4. The method of claim 1, wherein the quantitative structure-activity relationship model comprises an integrated quantitative structure-activity relationship model;

the obtaining of the integrated quantitative structure-activity relationship model corresponding to the potential target protein comprises:

obtaining active molecules of the potential target protein;

performing data preprocessing on the active molecules;

a plurality of molecular descriptors based on the pretreated active molecules;

5. The method of claim 4, wherein the pre-processing of the data on the active molecules comprises at least one of:

screening the active molecules according to a preset quantitative activity data type, wherein the quantitative activity data type is obtained;

removing undefined active molecules and active value abnormal active molecules in the active molecules;

carrying out molecular structure format standardization on the active molecules, and carrying out active molecule duplication elimination according to format standardization results;

and (3) carrying out any one treatment of metal ion removal, deprotonation and hydrogenation on the active molecules.

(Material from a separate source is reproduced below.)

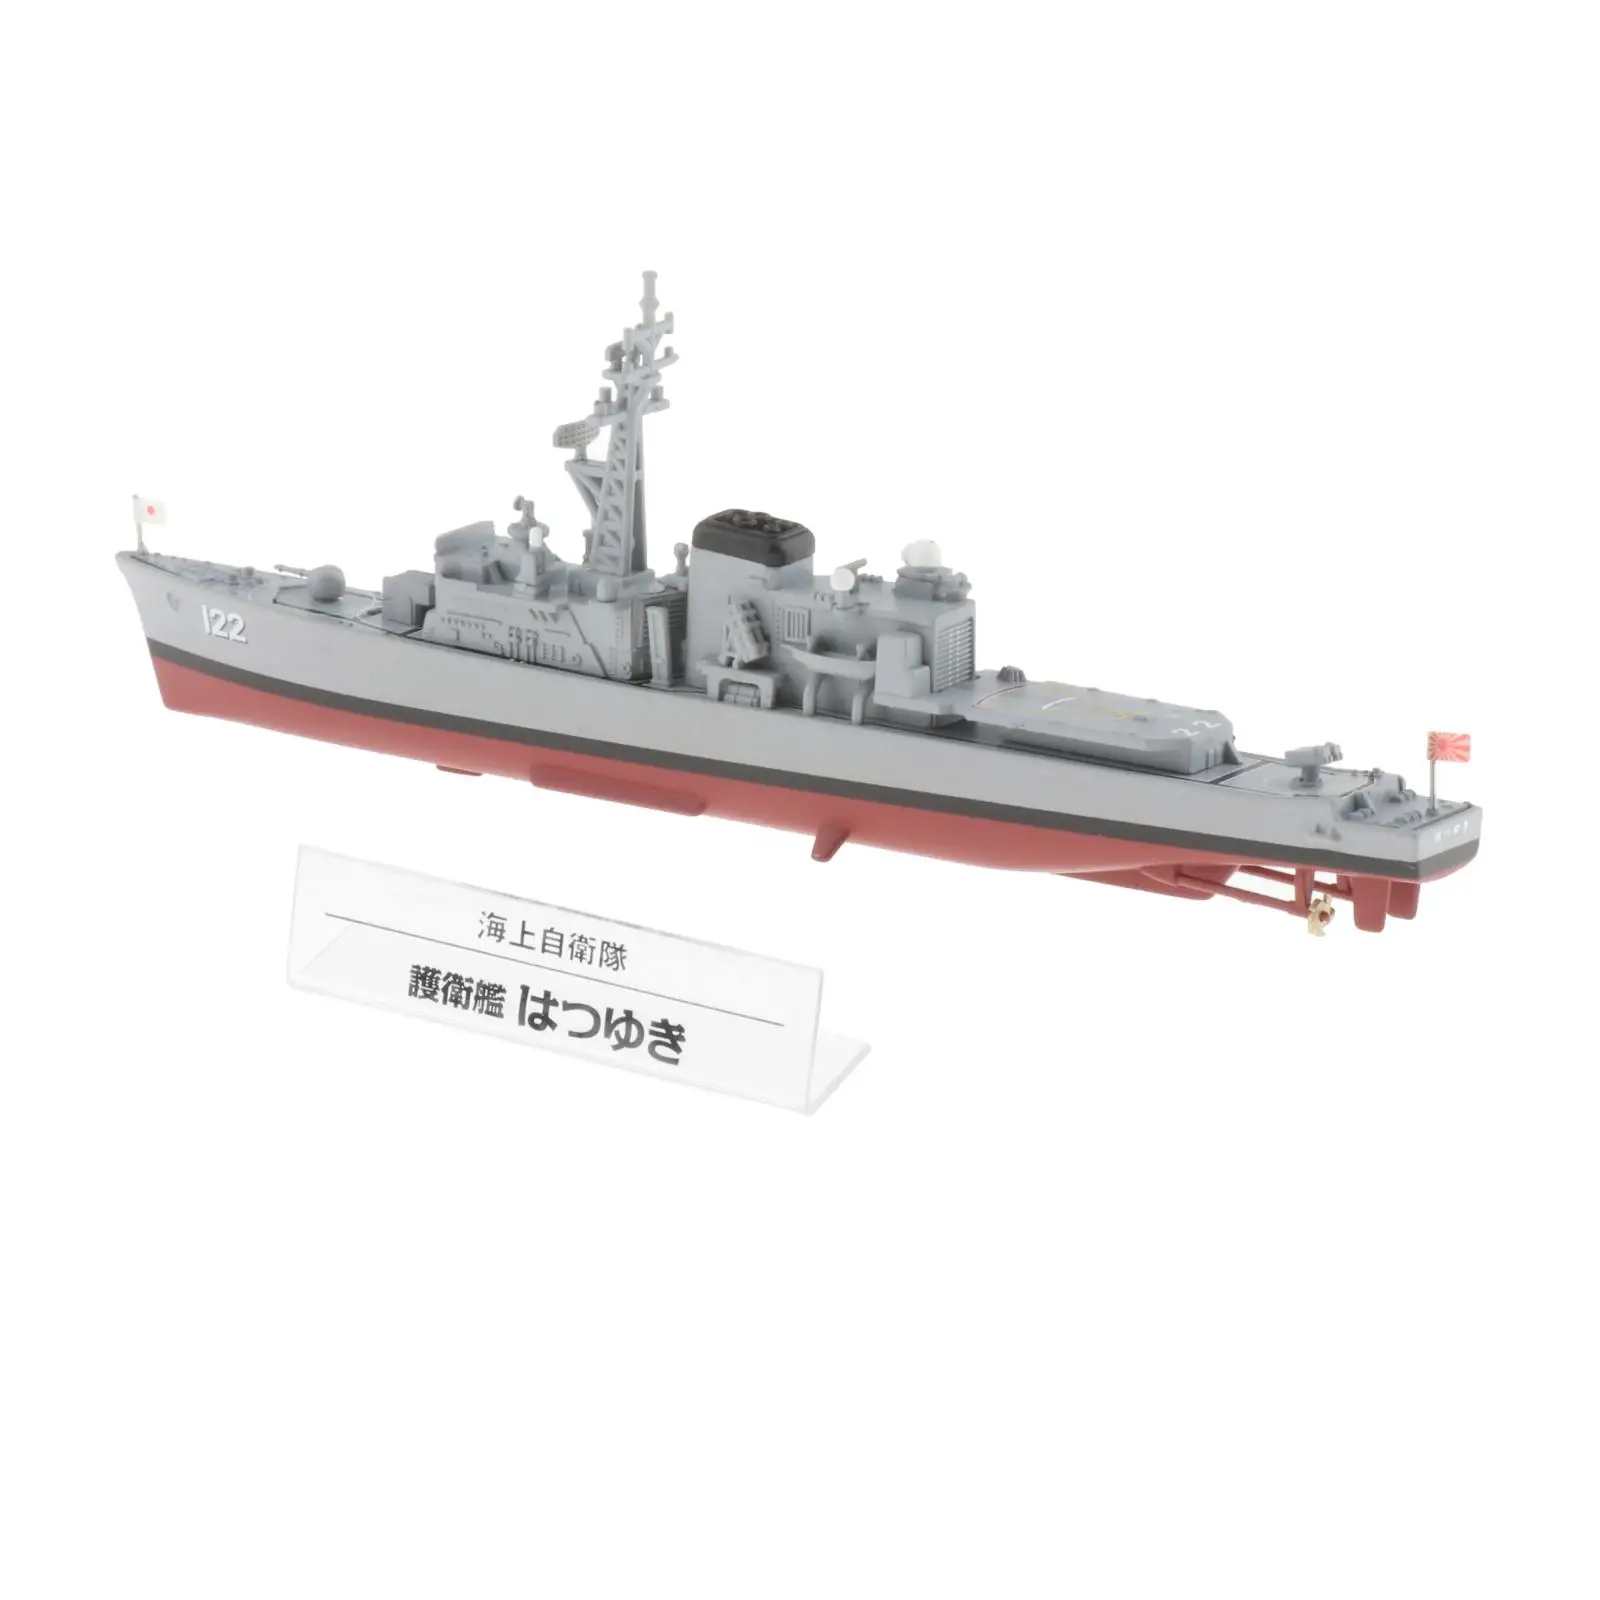 

Japan JMSDF Japan Maritime Self-Defense Force Military Model Toy

6. The method of claim 1, further comprising, after the screening the potential target proteins for a key target protein matching the target molecule according to the binding activity probability:

identifying a target protein of interest having a three-dimensional structure among the potential target proteins;

inputting the target molecules into the target specificity re-grading function model to obtain the binding activity probability of the target molecules and the target protein, and screening the verification target protein of which the binding activity probability meets the requirement of a preset probability;

when the key target protein comprises each item of the verification target protein, feeding back a verification result that the verification of the key target protein is passed.

7. The method of claim 6, wherein obtaining a target-specific re-scoring function model corresponding to the three-dimensional structure of the target protein of interest comprises:

performing molecular docking treatment on the target molecule and the target protein according to the three-dimensional structure of the target protein;

and combining the energy items of the scoring functions to obtain the target specificity re-scoring function model.

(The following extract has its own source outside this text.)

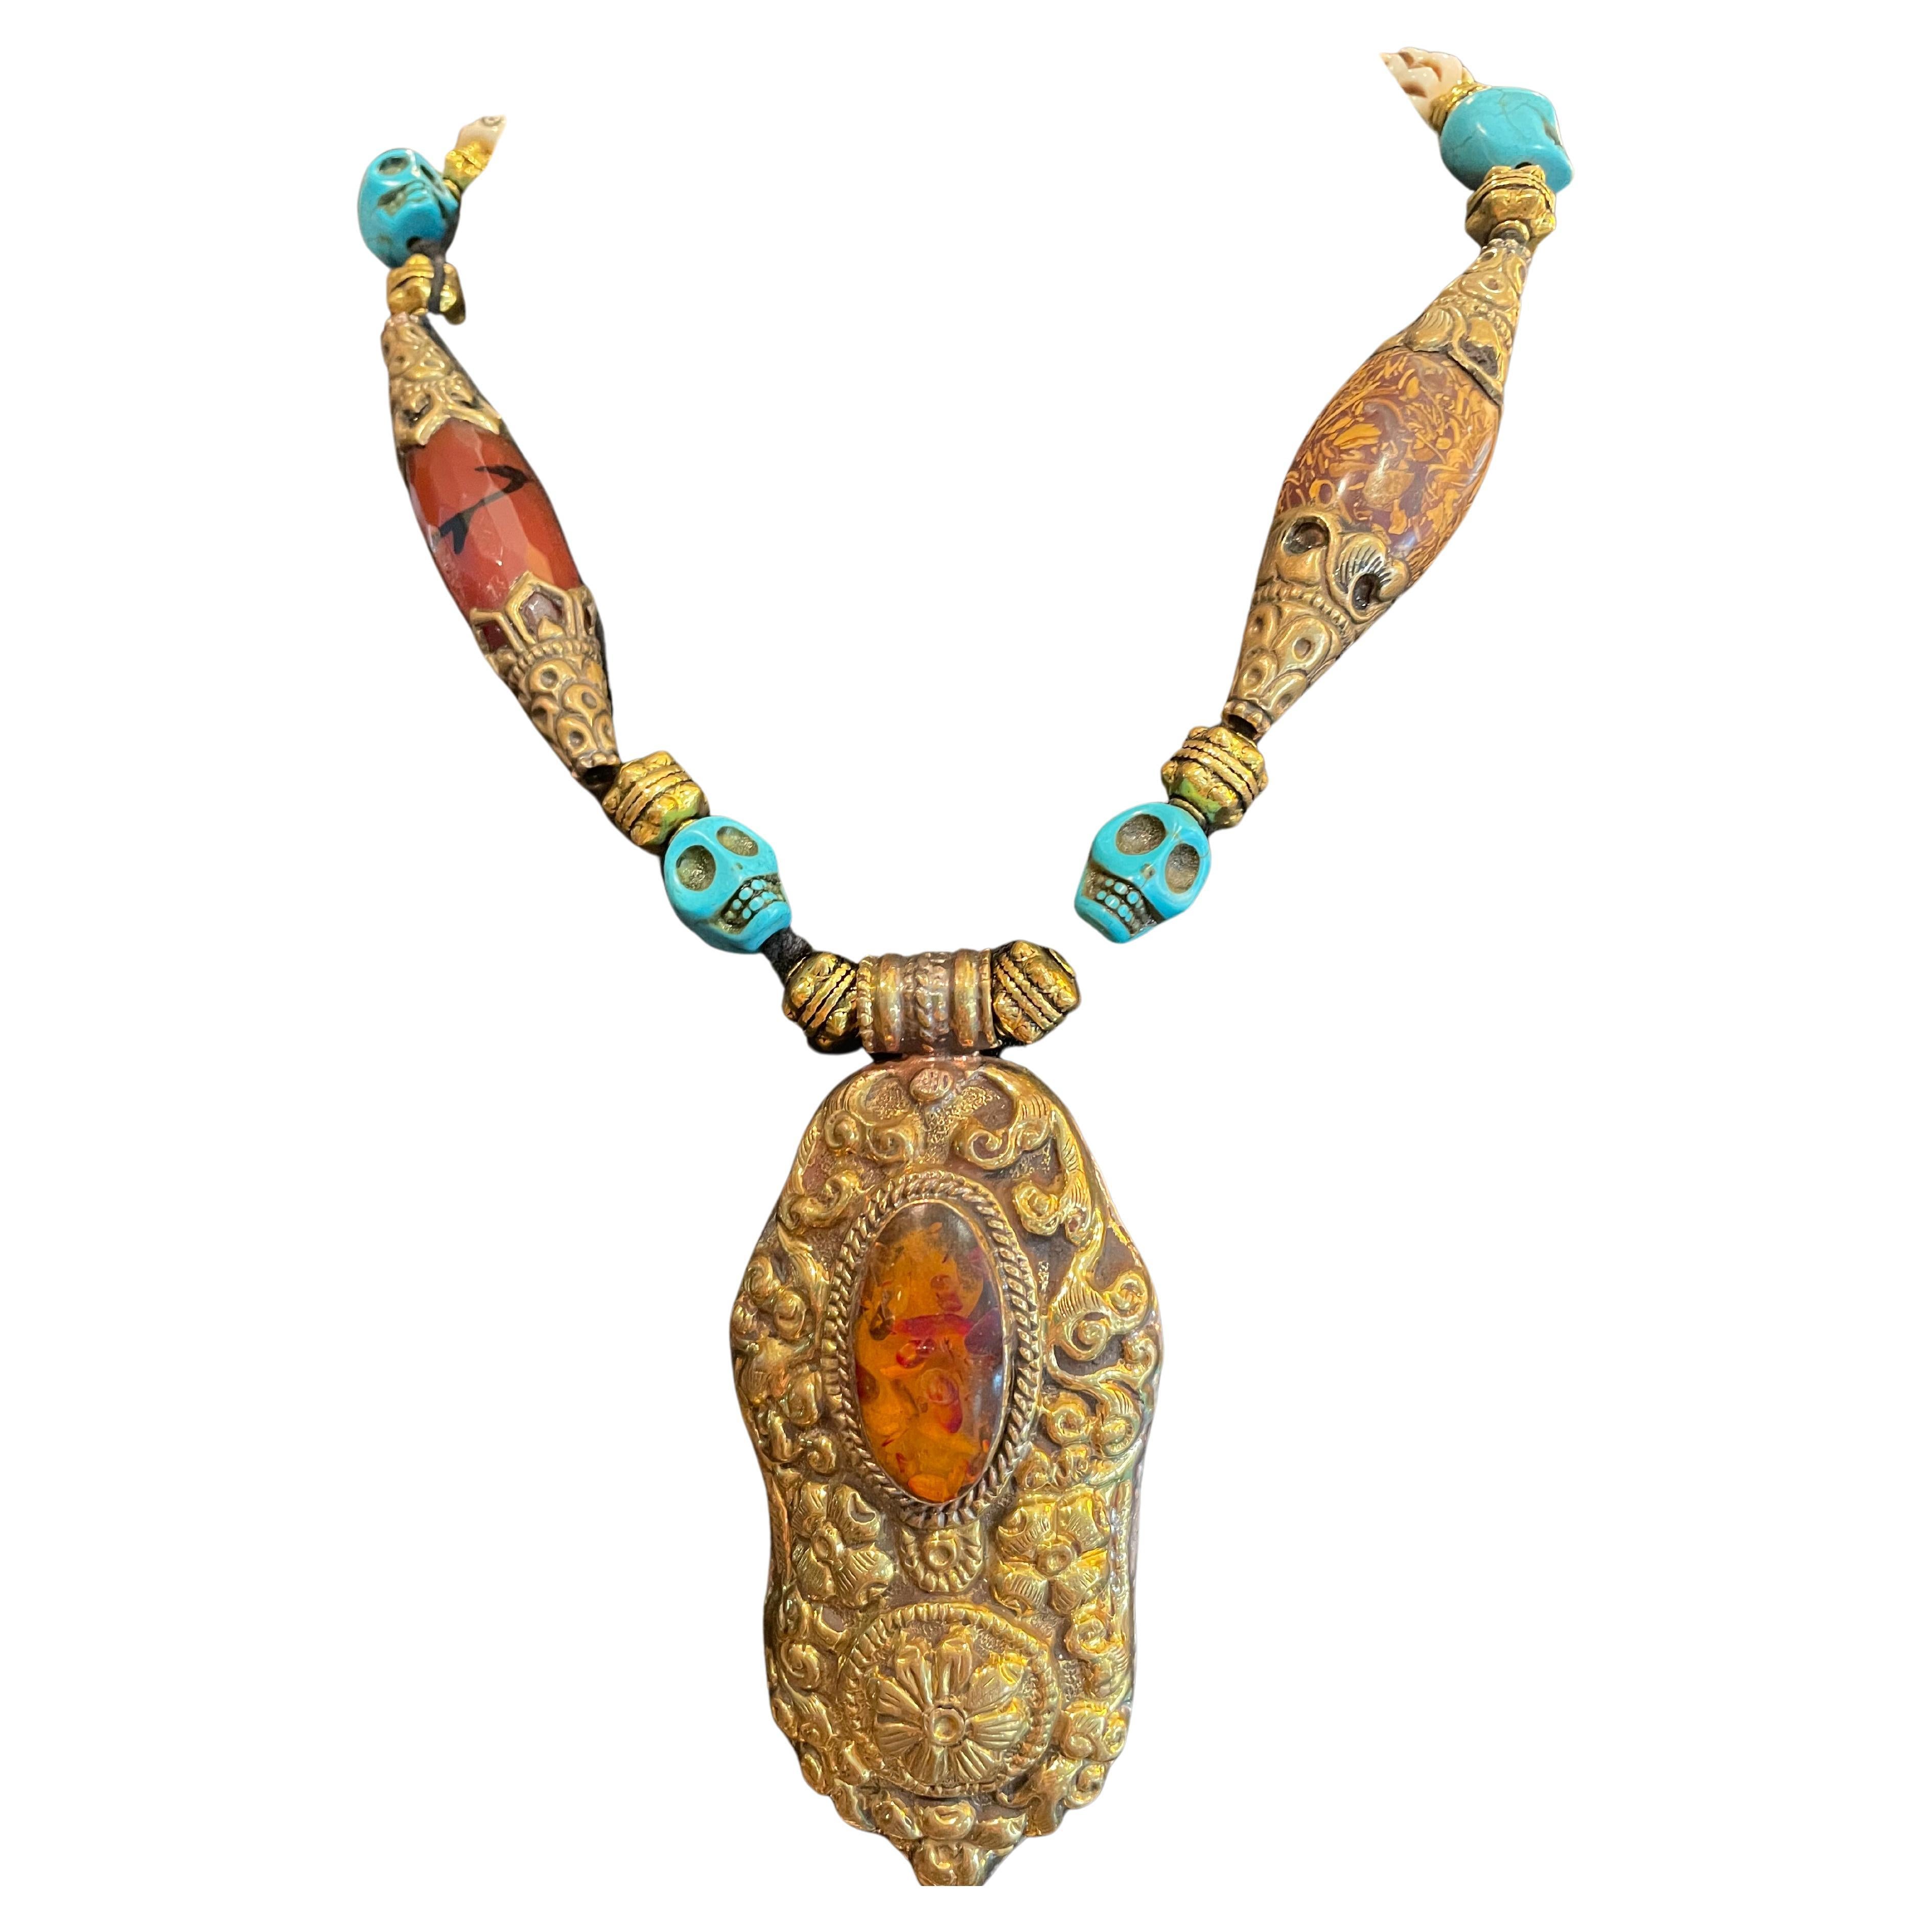 LB Tibetan pendant Turquoise vintage Indian agate bone discs necklace on offer For Sale

8. An apparatus for screening molecular target proteins, the apparatus comprising:

9. A computer device comprising a memory and a processor, the memory storing a computer program, characterized in that the processor, when executing the computer program, implements the steps of the method of any of claims 1 to 7.

10. A computer-readable storage medium, on which a computer program is stored, which, when being executed by a processor, carries out the steps of the method of any one of claims 1 to 7.